● Work request: Set down, character for character, everything in the records below from the line holding "Jordana Lipsticks - Matte" down to the line holding "fire - Stock Image", and no other line.

:: The records

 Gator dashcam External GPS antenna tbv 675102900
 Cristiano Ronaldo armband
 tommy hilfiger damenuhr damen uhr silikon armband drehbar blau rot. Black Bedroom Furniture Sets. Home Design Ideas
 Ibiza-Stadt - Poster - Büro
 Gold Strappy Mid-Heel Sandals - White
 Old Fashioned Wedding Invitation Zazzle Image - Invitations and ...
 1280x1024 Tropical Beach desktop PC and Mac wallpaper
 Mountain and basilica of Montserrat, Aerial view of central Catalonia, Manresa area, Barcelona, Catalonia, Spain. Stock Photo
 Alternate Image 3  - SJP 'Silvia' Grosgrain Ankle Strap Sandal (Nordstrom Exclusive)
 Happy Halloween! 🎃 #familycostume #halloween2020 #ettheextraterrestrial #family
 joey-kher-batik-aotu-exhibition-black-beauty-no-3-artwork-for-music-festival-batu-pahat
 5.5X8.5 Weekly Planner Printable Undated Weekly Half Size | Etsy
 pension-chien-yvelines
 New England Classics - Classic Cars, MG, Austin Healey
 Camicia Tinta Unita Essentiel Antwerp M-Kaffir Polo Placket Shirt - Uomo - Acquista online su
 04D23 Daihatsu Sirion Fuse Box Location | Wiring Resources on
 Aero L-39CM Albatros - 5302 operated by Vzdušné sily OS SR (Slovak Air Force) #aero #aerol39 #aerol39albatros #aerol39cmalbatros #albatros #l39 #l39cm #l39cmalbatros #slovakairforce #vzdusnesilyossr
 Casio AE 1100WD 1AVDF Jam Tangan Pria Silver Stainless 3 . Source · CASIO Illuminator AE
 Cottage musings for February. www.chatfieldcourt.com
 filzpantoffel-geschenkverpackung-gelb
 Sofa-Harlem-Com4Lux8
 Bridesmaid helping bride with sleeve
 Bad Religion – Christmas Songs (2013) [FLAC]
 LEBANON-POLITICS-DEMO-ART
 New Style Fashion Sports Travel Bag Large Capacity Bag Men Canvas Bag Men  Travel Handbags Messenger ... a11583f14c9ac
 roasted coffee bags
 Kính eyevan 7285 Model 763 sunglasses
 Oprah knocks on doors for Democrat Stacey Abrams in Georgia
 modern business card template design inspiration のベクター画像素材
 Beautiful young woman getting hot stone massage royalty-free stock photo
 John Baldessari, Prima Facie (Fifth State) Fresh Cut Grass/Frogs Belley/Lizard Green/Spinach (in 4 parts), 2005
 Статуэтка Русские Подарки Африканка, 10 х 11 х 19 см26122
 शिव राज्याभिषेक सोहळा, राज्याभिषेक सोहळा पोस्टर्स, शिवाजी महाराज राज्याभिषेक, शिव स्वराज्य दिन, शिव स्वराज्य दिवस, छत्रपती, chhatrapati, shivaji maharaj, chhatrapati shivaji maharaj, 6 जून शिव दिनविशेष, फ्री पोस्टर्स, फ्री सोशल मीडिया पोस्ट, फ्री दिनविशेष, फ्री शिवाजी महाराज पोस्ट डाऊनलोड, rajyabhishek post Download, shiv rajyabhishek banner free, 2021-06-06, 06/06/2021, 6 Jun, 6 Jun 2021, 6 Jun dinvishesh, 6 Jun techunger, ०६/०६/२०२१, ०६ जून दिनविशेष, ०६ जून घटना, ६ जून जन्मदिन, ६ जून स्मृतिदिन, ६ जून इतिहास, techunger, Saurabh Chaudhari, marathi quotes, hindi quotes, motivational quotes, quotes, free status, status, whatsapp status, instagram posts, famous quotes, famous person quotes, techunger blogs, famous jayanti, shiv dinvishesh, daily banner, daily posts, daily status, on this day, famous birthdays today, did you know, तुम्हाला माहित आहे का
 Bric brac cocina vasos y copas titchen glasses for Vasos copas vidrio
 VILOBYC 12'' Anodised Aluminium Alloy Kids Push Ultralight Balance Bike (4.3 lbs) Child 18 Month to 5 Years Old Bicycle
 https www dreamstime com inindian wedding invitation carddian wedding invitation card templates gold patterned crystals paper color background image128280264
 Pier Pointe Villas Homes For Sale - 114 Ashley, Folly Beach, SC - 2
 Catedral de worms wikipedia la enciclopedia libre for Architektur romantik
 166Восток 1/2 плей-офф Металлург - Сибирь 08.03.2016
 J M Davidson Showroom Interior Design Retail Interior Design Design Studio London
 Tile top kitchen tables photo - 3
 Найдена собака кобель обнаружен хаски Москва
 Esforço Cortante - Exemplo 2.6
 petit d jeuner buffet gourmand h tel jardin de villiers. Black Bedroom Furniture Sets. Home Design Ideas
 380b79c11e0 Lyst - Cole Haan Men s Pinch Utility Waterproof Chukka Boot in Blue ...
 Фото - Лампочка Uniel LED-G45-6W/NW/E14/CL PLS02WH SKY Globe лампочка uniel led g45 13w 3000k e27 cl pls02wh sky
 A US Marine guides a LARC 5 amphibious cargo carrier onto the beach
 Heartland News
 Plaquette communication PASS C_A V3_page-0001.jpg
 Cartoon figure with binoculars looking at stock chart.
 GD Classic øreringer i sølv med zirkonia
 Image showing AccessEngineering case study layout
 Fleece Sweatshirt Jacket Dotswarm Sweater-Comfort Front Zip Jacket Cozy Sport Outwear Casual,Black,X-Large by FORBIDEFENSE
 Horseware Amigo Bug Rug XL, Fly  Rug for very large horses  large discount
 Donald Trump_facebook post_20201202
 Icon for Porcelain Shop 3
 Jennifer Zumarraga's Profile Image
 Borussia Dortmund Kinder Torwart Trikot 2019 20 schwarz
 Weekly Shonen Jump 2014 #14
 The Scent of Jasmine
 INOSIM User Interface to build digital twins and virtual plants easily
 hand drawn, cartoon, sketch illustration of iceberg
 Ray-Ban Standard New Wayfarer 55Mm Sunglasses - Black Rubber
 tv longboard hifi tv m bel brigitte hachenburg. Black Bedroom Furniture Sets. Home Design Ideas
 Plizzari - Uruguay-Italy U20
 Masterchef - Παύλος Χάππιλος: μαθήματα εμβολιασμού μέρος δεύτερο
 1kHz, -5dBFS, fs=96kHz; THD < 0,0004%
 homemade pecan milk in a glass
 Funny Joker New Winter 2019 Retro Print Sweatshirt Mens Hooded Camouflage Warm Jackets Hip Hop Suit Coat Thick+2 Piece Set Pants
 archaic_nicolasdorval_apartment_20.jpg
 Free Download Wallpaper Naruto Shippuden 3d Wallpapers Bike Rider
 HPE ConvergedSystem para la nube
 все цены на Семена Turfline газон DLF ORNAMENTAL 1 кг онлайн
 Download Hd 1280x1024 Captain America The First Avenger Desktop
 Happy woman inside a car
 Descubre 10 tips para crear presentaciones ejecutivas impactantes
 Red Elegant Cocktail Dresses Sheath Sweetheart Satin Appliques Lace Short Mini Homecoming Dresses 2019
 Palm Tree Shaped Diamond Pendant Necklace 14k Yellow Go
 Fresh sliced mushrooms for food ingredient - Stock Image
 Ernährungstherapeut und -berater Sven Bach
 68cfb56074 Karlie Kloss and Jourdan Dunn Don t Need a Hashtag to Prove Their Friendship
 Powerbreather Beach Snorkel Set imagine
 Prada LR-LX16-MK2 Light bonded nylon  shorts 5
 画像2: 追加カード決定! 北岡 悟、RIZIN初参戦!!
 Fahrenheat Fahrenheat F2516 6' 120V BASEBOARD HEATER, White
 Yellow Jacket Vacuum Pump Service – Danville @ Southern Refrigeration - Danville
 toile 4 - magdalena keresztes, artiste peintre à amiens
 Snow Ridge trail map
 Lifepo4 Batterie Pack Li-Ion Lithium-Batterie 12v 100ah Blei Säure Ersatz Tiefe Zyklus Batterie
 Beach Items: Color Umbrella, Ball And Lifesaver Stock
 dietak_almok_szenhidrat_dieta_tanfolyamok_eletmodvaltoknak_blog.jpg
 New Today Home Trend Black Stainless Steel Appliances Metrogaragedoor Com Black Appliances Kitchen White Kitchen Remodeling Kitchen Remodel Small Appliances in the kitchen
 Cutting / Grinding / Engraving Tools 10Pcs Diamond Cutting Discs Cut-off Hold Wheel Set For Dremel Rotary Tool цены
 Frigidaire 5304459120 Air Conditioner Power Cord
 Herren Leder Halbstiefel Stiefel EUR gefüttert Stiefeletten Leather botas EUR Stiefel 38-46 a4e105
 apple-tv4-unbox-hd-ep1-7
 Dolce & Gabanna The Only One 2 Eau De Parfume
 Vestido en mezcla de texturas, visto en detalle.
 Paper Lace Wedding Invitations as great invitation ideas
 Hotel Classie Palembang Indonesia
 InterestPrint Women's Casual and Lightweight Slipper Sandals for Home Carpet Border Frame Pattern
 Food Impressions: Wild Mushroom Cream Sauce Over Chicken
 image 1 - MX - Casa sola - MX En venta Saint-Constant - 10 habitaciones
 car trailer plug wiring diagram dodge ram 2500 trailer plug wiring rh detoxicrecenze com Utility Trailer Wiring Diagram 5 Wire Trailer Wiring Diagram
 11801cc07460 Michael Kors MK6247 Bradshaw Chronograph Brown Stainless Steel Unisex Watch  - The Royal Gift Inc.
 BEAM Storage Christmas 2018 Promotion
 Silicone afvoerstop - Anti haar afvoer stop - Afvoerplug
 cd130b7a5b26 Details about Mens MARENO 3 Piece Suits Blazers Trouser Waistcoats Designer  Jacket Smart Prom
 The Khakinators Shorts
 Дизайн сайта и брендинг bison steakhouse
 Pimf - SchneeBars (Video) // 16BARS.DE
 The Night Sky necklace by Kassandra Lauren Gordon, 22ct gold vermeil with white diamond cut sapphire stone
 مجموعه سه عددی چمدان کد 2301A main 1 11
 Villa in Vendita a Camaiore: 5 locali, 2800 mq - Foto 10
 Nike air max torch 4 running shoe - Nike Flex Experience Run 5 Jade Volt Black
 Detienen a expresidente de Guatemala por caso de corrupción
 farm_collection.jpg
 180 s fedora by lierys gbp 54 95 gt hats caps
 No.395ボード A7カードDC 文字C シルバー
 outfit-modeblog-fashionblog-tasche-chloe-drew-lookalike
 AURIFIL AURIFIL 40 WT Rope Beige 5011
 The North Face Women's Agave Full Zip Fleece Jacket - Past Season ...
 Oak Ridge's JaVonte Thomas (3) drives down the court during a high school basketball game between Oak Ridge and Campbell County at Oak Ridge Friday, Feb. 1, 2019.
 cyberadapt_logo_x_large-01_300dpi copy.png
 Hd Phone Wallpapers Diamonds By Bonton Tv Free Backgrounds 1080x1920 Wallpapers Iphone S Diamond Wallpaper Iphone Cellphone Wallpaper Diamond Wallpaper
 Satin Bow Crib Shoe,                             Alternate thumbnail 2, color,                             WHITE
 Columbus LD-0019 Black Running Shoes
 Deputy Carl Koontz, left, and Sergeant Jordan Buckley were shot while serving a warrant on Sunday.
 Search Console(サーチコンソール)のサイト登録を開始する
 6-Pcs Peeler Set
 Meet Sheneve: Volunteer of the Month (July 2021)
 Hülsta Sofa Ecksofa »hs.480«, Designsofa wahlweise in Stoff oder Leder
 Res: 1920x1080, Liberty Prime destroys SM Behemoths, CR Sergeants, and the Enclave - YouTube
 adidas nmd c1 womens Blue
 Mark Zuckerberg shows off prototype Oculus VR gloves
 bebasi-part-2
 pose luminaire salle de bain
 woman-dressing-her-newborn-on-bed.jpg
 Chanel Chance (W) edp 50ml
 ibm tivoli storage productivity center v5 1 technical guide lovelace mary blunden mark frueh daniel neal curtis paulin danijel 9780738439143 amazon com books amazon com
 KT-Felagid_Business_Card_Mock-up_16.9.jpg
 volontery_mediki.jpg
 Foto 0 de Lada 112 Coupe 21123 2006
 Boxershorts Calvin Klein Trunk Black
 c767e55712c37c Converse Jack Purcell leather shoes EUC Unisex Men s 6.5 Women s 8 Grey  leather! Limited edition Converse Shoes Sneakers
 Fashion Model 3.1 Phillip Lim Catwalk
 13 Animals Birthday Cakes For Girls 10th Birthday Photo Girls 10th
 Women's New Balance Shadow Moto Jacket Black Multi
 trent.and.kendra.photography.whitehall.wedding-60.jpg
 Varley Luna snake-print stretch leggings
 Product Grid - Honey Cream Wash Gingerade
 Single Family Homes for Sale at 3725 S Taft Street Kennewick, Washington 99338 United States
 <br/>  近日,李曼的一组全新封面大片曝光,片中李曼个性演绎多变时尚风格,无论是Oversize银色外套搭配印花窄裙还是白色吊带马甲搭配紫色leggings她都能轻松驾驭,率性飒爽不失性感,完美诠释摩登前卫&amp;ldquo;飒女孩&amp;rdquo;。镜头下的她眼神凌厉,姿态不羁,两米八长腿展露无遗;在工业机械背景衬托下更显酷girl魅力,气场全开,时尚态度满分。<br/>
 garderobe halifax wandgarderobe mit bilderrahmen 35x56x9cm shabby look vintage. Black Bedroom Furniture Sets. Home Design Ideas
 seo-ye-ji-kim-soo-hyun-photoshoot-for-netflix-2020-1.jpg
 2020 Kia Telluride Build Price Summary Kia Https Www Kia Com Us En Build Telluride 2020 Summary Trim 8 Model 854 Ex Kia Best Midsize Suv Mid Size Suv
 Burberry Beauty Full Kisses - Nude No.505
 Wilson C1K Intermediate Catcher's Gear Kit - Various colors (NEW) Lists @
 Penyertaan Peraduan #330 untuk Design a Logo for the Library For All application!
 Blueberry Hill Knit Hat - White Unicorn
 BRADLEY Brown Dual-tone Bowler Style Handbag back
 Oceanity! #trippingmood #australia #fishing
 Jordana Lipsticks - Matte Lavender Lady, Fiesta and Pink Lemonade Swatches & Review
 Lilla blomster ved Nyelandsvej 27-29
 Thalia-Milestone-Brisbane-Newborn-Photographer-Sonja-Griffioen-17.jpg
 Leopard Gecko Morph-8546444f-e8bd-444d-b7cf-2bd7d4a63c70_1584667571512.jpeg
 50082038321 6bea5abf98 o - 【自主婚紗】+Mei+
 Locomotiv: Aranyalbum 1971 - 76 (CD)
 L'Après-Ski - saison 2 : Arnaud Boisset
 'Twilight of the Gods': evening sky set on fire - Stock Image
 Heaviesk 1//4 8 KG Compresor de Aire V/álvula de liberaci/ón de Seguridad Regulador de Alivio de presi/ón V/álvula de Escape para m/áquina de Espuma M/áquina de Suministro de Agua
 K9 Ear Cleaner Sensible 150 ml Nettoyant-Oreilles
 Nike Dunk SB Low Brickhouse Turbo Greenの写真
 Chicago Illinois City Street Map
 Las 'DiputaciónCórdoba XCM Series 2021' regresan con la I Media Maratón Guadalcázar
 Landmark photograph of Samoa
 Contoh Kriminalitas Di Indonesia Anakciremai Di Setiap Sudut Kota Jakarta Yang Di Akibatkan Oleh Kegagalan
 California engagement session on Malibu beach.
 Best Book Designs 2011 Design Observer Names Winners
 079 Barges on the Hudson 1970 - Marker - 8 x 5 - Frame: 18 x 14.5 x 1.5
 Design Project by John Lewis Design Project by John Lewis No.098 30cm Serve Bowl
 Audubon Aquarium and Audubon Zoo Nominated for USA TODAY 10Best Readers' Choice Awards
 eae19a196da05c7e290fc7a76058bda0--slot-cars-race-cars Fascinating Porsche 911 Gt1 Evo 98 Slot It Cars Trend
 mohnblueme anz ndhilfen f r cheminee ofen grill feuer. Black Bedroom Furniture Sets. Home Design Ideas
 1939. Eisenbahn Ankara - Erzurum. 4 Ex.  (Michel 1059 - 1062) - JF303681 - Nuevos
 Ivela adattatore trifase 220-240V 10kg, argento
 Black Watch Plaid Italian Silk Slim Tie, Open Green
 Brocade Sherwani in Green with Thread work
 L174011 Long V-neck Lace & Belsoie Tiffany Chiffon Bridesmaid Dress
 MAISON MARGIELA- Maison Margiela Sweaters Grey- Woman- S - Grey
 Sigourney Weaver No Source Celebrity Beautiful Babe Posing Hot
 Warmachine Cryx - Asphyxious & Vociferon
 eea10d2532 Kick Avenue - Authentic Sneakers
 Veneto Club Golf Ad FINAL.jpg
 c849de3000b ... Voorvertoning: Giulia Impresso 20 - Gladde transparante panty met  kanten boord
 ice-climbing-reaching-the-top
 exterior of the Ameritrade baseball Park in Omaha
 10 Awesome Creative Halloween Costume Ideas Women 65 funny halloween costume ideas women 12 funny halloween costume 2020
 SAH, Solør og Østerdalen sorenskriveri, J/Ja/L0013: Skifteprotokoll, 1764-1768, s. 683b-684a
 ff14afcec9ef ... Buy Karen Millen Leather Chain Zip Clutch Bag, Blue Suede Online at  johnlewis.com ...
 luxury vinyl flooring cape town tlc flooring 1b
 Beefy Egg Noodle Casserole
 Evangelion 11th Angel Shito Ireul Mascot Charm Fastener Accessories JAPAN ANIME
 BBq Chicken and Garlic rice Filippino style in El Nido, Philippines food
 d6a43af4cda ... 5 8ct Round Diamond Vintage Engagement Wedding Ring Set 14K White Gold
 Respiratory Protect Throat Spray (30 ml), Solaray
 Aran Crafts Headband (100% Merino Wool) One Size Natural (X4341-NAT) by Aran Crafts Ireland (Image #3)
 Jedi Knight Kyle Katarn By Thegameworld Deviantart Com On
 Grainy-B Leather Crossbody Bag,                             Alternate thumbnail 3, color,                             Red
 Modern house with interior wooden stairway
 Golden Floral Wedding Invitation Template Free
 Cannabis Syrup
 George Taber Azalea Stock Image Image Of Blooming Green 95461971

::::

● The completed task:
 Jordana Lipsticks - Matte Lavender Lady, Fiesta and Pink Lemonade Swatches & Review
 Lilla blomster ved Nyelandsvej 27-29
 Thalia-Milestone-Brisbane-Newborn-Photographer-Sonja-Griffioen-17.jpg
 Leopard Gecko Morph-8546444f-e8bd-444d-b7cf-2bd7d4a63c70_1584667571512.jpeg
 50082038321 6bea5abf98 o - 【自主婚紗】+Mei+
 Locomotiv: Aranyalbum 1971 - 76 (CD)
 L'Après-Ski - saison 2 : Arnaud Boisset
 'Twilight of the Gods': evening sky set on fire - Stock Image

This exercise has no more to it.